The text focuses on the most popular or well-known strategies currently found in many resources and textbooks: zero facts, doubles, near doubles, and make-ten. There is one significant exception. Many authors promote counting on as a strategy for facts with an addend of 1, 2, or 3. I have argued against any form of counting and instead have encouraged teachers to base addition facts on number concepts. To that end, you will find a "strategy" called One- and two-more-than facts, or facts with an addend of either 1 or 2. These main strategies then leave 12 unaccounted for facts or 6 facts and their commutative partners. Several additional strategies (including counting on) are suggested.
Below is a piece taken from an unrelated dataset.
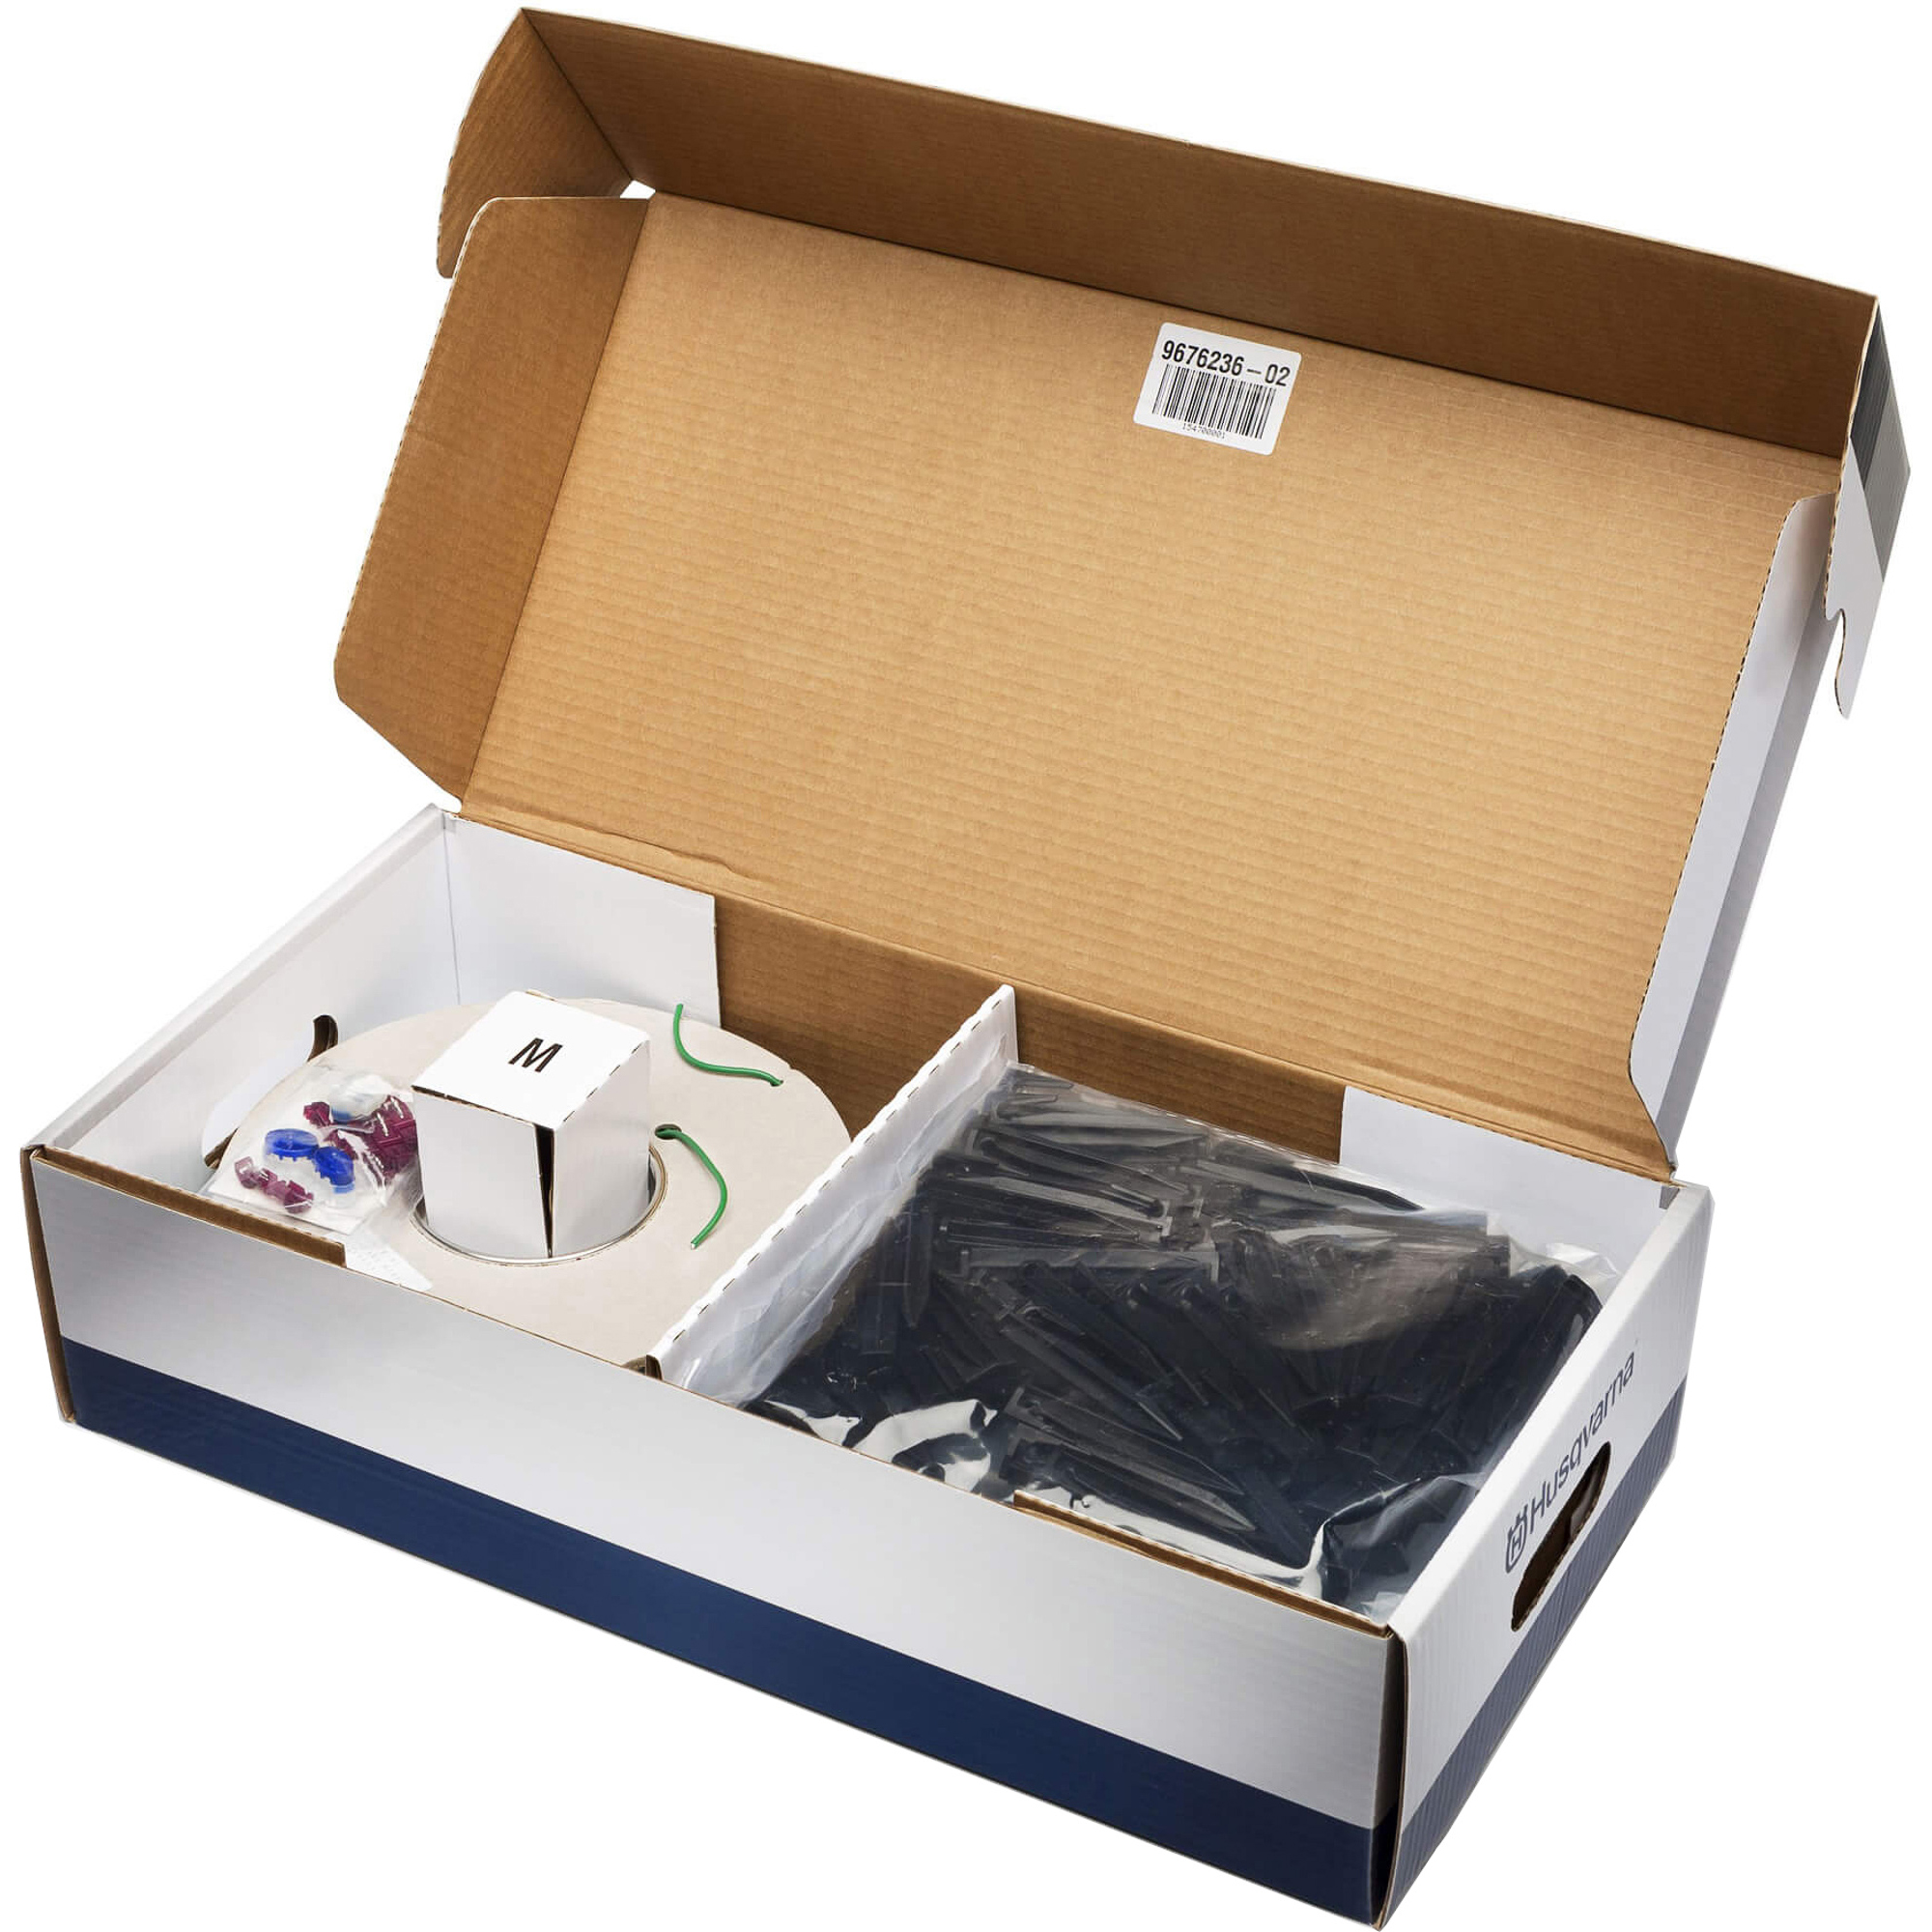 Комплект для установки газонокосилки-робота Husqvarna Installation kit medium

When these additional options are discussed, I want to help students see strategies as flexible options and not mandated prescriptions. Adults who happen to use the strategy 10+7 is 17 so 9+7 is 16, feel uncomfortable when that approach is not included in the text. When there are choices to be made, it is also comforting to know that the choice is the child's. The emphasis is on anything that is efficient and understood - not on doing it the one "best" way.
There is evidence to suggest that think addition is the principal method used by most of us for mastering subtraction facts. To this end, the mastery of addition facts should come first and the conceptual development of subtraction as naming the missing part should be the critical link. I focus on the 36 facts that have a sum greater than 10. In addition to think addition or think missing part, it is also quite reasonable to use some strategy that utilizes 10 as a bridge. First, you can add on or up through ten. For other facts it may be useful to first take away an amount that gets you down to ten and then take away a few more, or work down through ten. As noted earlier, the emphasis is on students' flexible use of strategies, not forcing one of ours on their way of thinking. This is a real value of the Missing Part worksheets described in Figures 11.9 and 11.10.
Most authors will use the strategies of zeros, ones, doubles, fives, and nines facts. The two popular nines strategies create an interesting discussion - one may be easier to use while the other is easier to justify. Is the Nifty Nines approach just a meaningless trick? These strategies leave 25 facts not accounted for, including those most people consider the hardest to learn. The book suggests exclusively the approach of deriving the unknown fact from a known fact. The justification is either by appealing to the repeated addition concept or the use of partitioning an array. In either case, these methods occasionally require mental addition capability. For example, if you use the idea of double and double again for 4 x 8 then there is a need to know 16 + 16. This is a great time to briefly discuss mental computation.
In keeping with the spirit of this book, I strongly discourage the use of rhymes, mnemonic devices or other tricks for fact mastery. This may be contrary to the beliefs of some teachers who have a favorite collection of such tricks. These tend to be more prevalent for multiplication than other facts.
Although the Principles and Standards quotation mentions division facts, there is actually little need to spend a great deal of time on these. A fact such as 42 ÷ 6 appears with no greater frequency than a non-fact such as 43 ÷ 6 or 41 ÷ 6. A related argument is that virtually no one memorizes 42 ÷ 6. Instead, they know this because they know 6 x 7 = 42.
Fact Remediation in the Upper Grades
For teachers in grades 4 to 8, the approaches in this chapter often seem less than useful because they do not have the class time in their curriculum to help students develop strategies. Furthermore, a large number of their students do not need fact remediation. Thee message in the section near the end of the chapter is that these same methods can be used with older students but they may well require individual diagnosis and students working on their facts out of class.